Where is the firmware to update with found and where does it go? This is what I have in the boot messages; I have updated the kernel sources but if there's a blob that has to go somewhere I probably don't have that. vchiq0: <BCM2835 VCHIQ> mem 0xb800-0xb84f irq 28 on simplebus0 vchiq: local ver 8 (min 3), remote ver 8. pcm0: <VCHIQ audio> on vchiq0 There is nothing interesting in /var/log/messages other than the pcm errors: Dec 21 08:54:44 HD-MCP ntpd[546]: leapsecond file ('/etc/ntp/leap-seconds'): expired less than 360 days ago Dec 21 09:45:04 HD-MCP kernel: pcm0: chn_write(): pcm0:virtual:dsp0.vp0: play interrupt timeout, channel dead Dec 21 09:45:09 HD-MCP kernel: pcm0: chn_write(): pcm0:virtual:dsp0.vp1: play interrupt timeout, channel dead Dec 21 09:45:10 HD-MCP kernel: pcm0: chn_write(): pcm0:virtual:dsp0.vp2: play interrupt timeout, channel dead root@HD-MCP:/var/log # sysctl dev.pcm.0 dev.pcm.0.starved: 0 dev.pcm.0.freebuffer: 40000 dev.pcm.0.underruns: 8 dev.pcm.0.retrieved: 0 dev.pcm.0.submitted: 40000 dev.pcm.0.callbacks: 1376 dev.pcm.0.dest: 0 dev.pcm.0.bitperfect: 0 dev.pcm.0.buffersize: 0 dev.pcm.0.play.vchanformat: s16le:2.0 dev.pcm.0.play.vchanrate: 48000 dev.pcm.0.play.vchanmode: fixed dev.pcm.0.play.vchans: 3 dev.pcm.0.%parent: vchiq0 dev.pcm.0.%pnpinfo: dev.pcm.0.%location: dev.pcm.0.%driver: pcm dev.pcm.0.%desc: VCHIQ audio
(In reply to karl from comment #24) There is FAT partition on SD card with VC firmware bits.
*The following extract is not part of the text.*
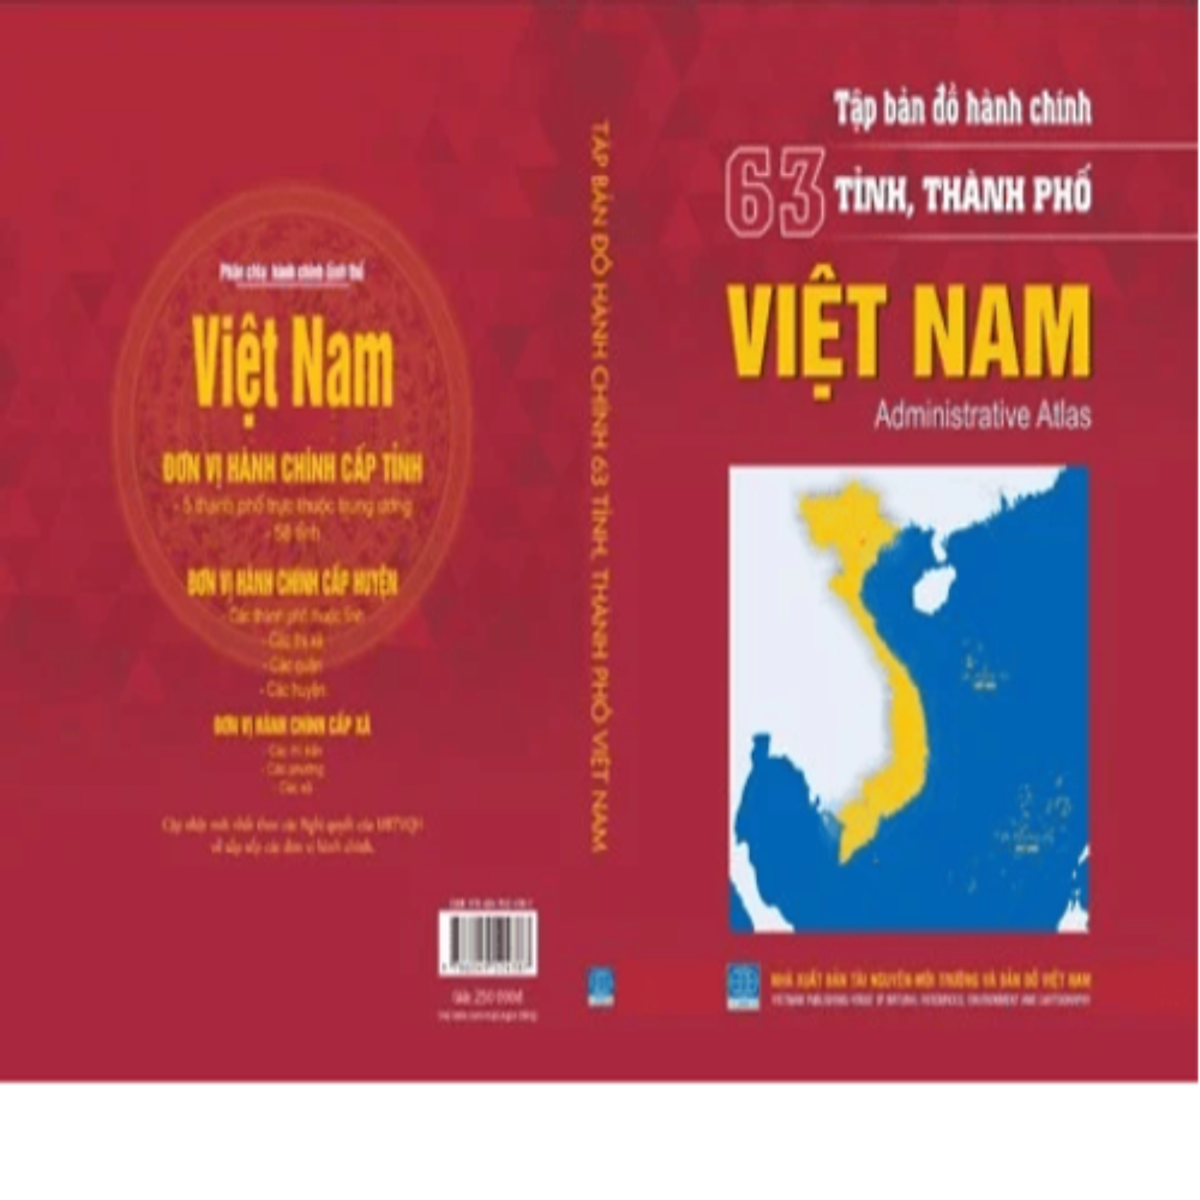 Tập bản đồ 63 tỉnh thành phố Việt Nam: Khám phá sự khác biệt giữa các tỉnh thành phố, về phát triển kinh tế, văn hóa, du lịch và khả năng vận hành cơ sở hạ tầng. Bằng cách tìm hiểu sự tiến bộ của các khu vực cùng những con số thống kê đầy thú vị.

You can download latest binaries from here: https://github.com/raspberrypi/firmware/tree/master/boot/ You need *.elf, *.dat, and bootcode.bin. Make sure you added "init_uart_clock=3000000" to config.txt on FAT partition if you have UART console connect. Backup content of FAT partition before updating it, just in case.
Picking up those files got me a non-booting unit... will investigate (have to hook up a physical console....)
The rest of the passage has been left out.